The reason we see two peaks very close together becomes apparent
once we look at the data in TOPPView which indicates that the 974.4572680576728
peak is derived from a 2+ peak at m/z 487.73 and the peak at 974.4589691256419
is derived from a 3+ peak at m/z 325.49: the algorithm has identified a single
analyte in two charge states and deconvoluted the peaks to their nominal mass
[M+H]+ ion, which produces two peaks very close together (2+ and 3+
Looking at the full spectrum and comparing it to the original spectrum, we can see the original (centroided) spectrum on the top and the deisotoped spectrum on the bottom in blue.
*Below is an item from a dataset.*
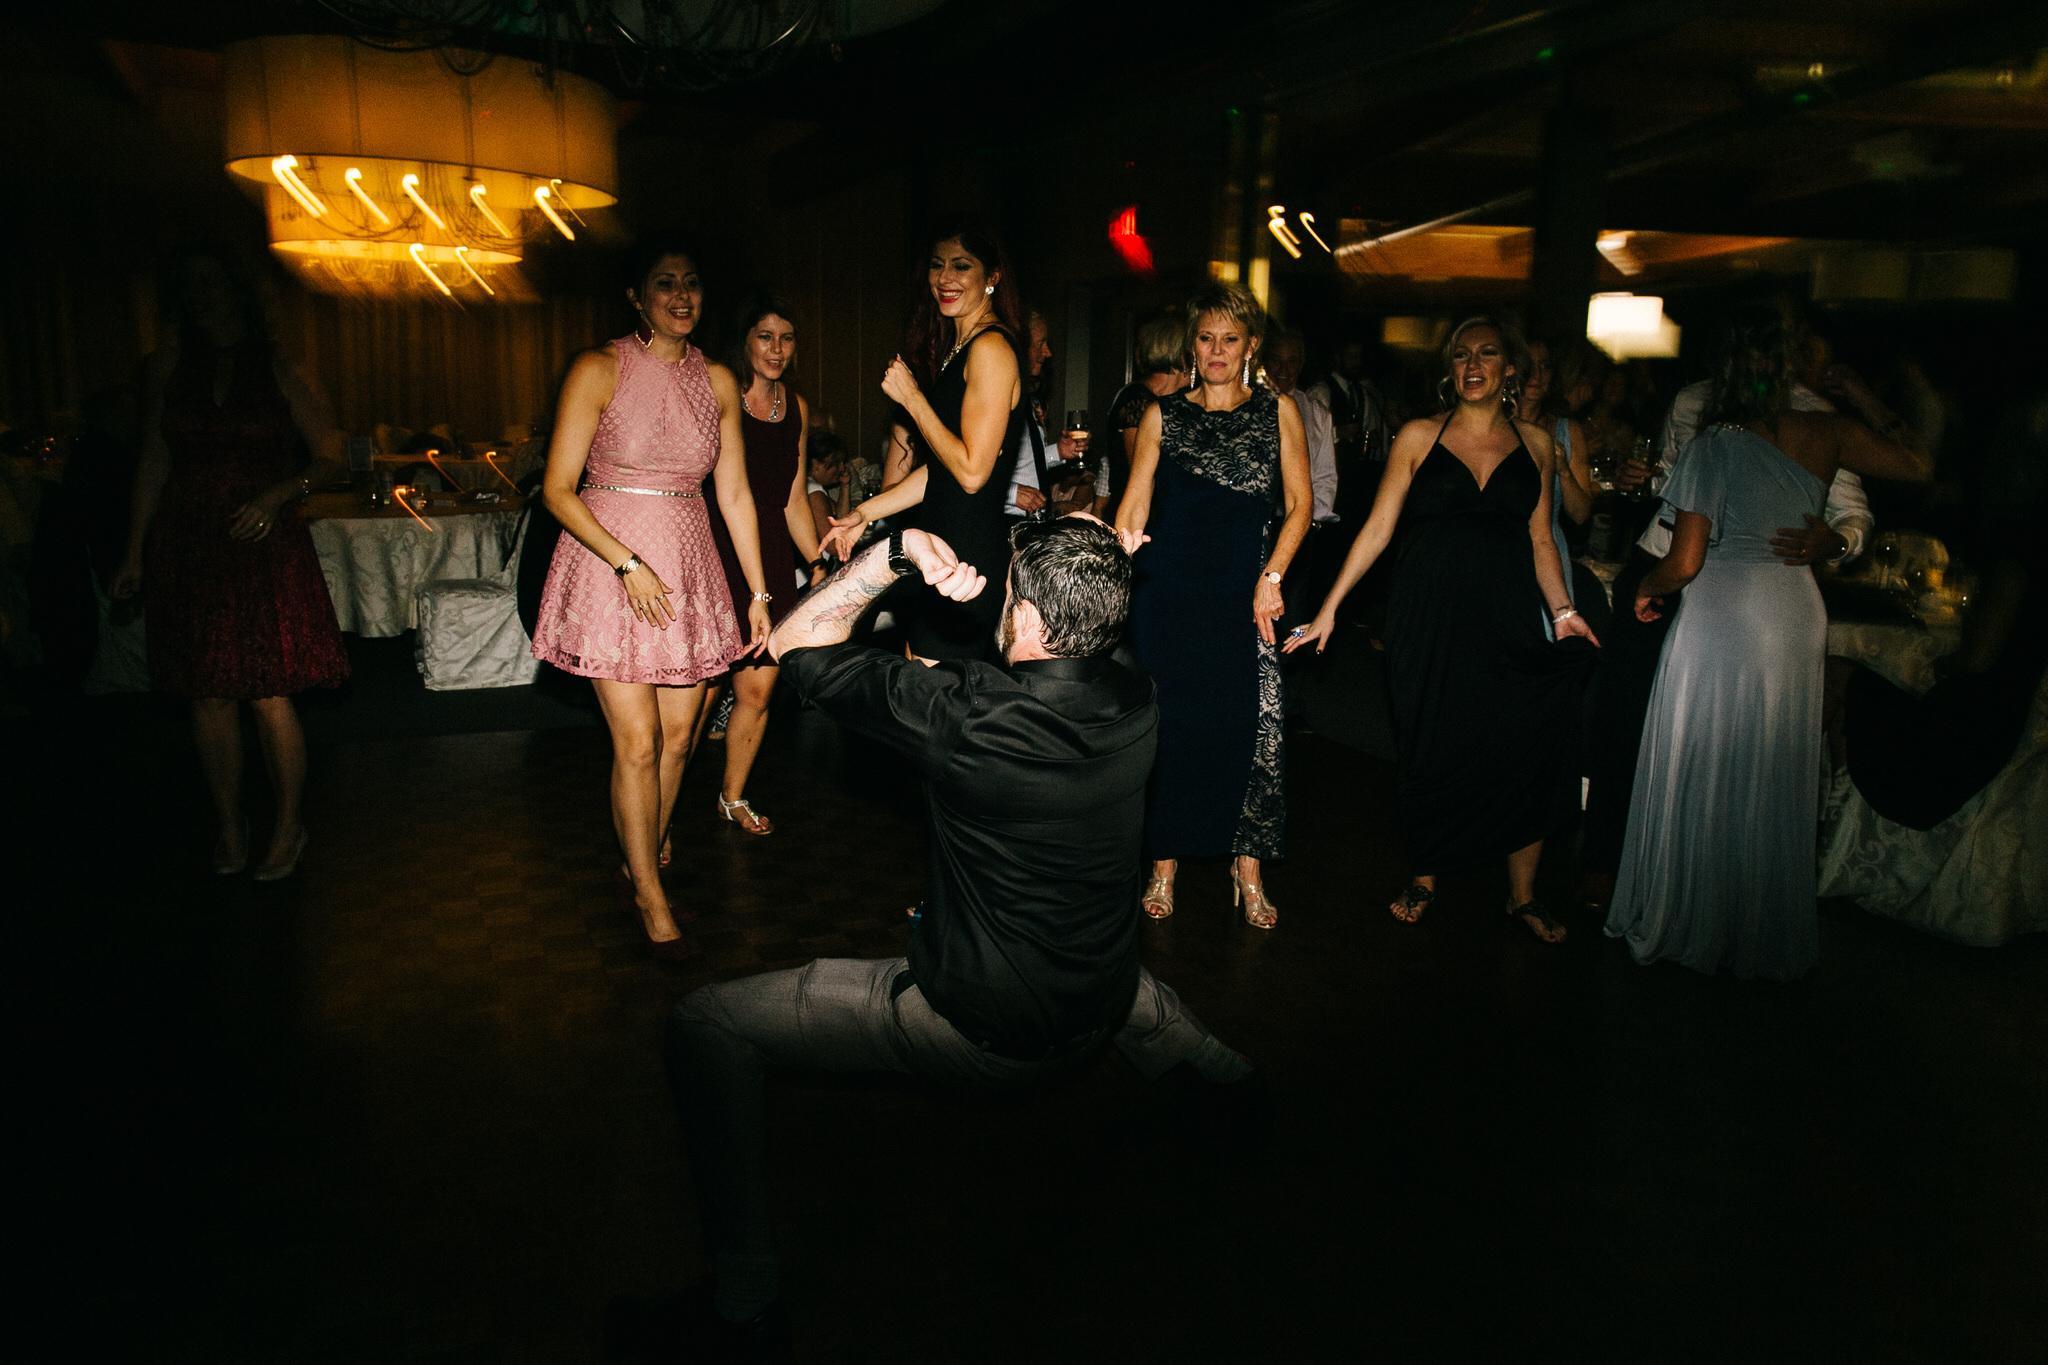 St. George Anglican Oshawa, Toronto wedding photographer, parkwood estates oshawa, oshawa golf and curling club

Note how hovering over a peak in the deisotoped spectrum indicates the charge state:
In the next section, we will look at 2-dimensional deisotoping where instead of a single spectrum, multiple spectra from a LC-MS experiments are analyzed together. There algorithms analyze the full 2-dimensional (m/z and RT) signal and are generally more powerful than the 1-dimensional algorithm discussed here. However, not all data is 2 dimensional and the algorithm discussed here has many application in practice (e.g. single mass spectra, fragment ion spectra in DDA etc.).